Генерал-губернаторство — наследие колониальных времен; в качестве доминиона Австралия входит в Британское Содружество. Юридически глава государства
В кулуарах Агентства национальной безопасности Олдмонт слышал, что Джон Керр еще в годы войны сотрудничал с управлением стратегических служб Донована. В 1967 году Керр стал основателем “Лоу Эйша”, австралийского филиала Фонда Азии, финансируемого ЦРУ. Он был видным деятелем Австралийской ассоциации за свободу культуры, которая тоже числилась в платежных ведомостях Лэнгли.
Как бы там ни было, к власти пришло новое правительство, от которого Керр получил прибавку к жалованью. Бюджет АСИО был увеличен. Соглашение об аренде базы в Пайн-Гэп продлено.
Впоследствии Джон Керр в письме, направленном в редакцию американского журнала “Тайм”, писал: “Решение уволить Г.Уитлема было принято исключительно мною… Больше к этому никто не причастен, ЦРУ в этом деле не участвовало”.
ЦРУ, со своей стороны, заявило: “ЦРУ не участвует ни в какой деятельности, направленной против австралийского правительства, не поддерживало никаких связей с банком “Ньюгэн — Хэнд” и никак не причастно к торговле наркотиками”.
Дуайт Хенкинс, утомленный дневной суетой, уже лег спать, когда ему позвонил из посольства дежурный и продиктовал телефон таиландца по имени Тирают, который говорит, что ему “до зарезу необходимо немедленно с вами переговорить”.
— Не хотел бы вас расстраивать, — без околичностей начал Тирают, — но Олдмонт под дулом пистолета заставил меня рассказать все об обстоятельствах смерти его младшего брата. Я назвал ему имена, — сказал Тирают, предупреждая возможные вопросы, — в конце концов я вам ничем не обязан.

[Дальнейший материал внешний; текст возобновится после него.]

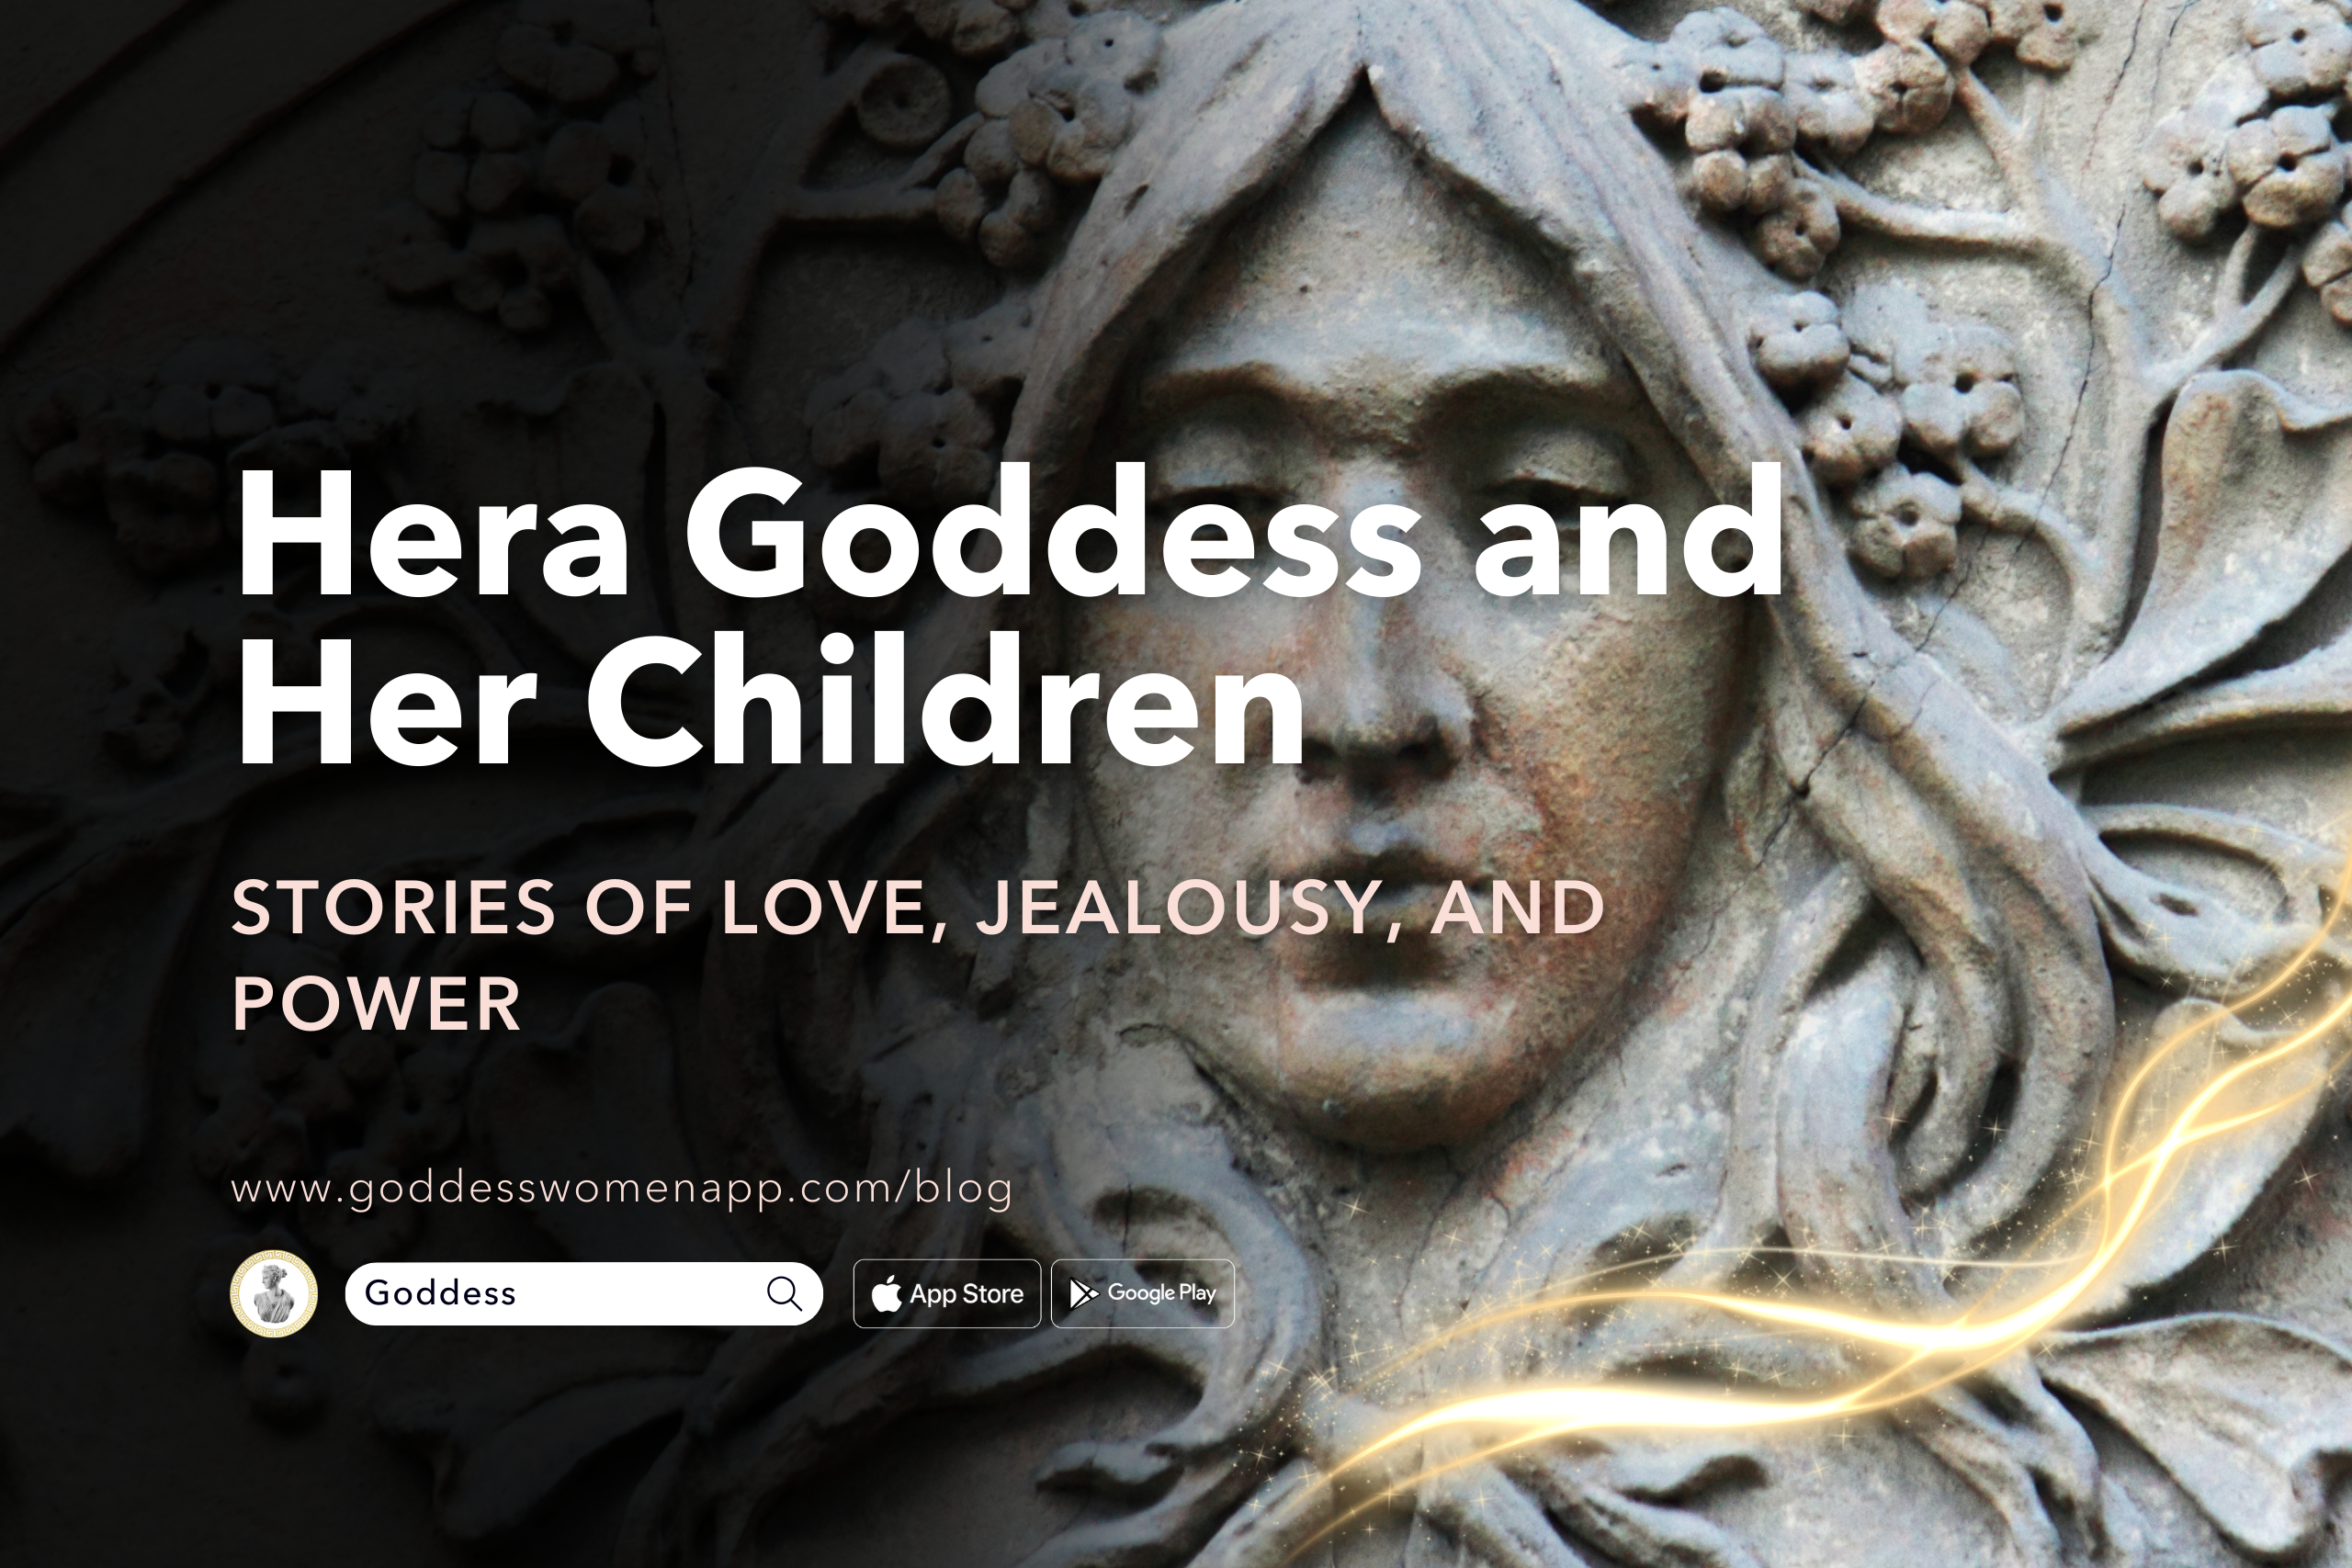 Hera Goddess and Her Children: Best Stories of Love, Jealousy, and Power

Он повесил трубку. Радости он не испытывал. Ему только что пришлось пережить величайшее унижение: выложить Олдмонту все, что он знал о смерти молодого американца-летчика. Он сделал это не из желания насолить Хенкинсу. Он просто испугался немигающего, жесткого взгляда Олдмонта, и, когда Олдмонт ушел, оставив его одного в машине, не верил, что выпутался из этой истории живым.
Он улыбался, как улыбаются друг другу тайские боксеры, прежде чем нанести удар. Улыбка говорит: “Смотри — ты не напугал меня. Я спокоен”. Он не чувствовал ни гнева, ни раздражения. Он с детства усвоил правило “чай иен иен” — “оставайся холоден”.
Грег Уилсон смотрел в окно. Это занятие было малопопулярным и вовсе не поощрялось начальством, но он испытывал неодолимое желание ничего не делать. На столе перед ним лежало письменное распоряжение директората операций: специальную группу, находящуюся в Бангкоке, в течение двадцати четырех часов привести в полную готовность. Следовательно, завтра последует команда начать операцию. Один из сотрудников Уилсона уже набросал шифровку О’Брайену: ребят, находившихся под его опекой, следовало протрезвить и проинформировать, что пришло время работать. Уилсон был обязан немедленно подписать телеграмму.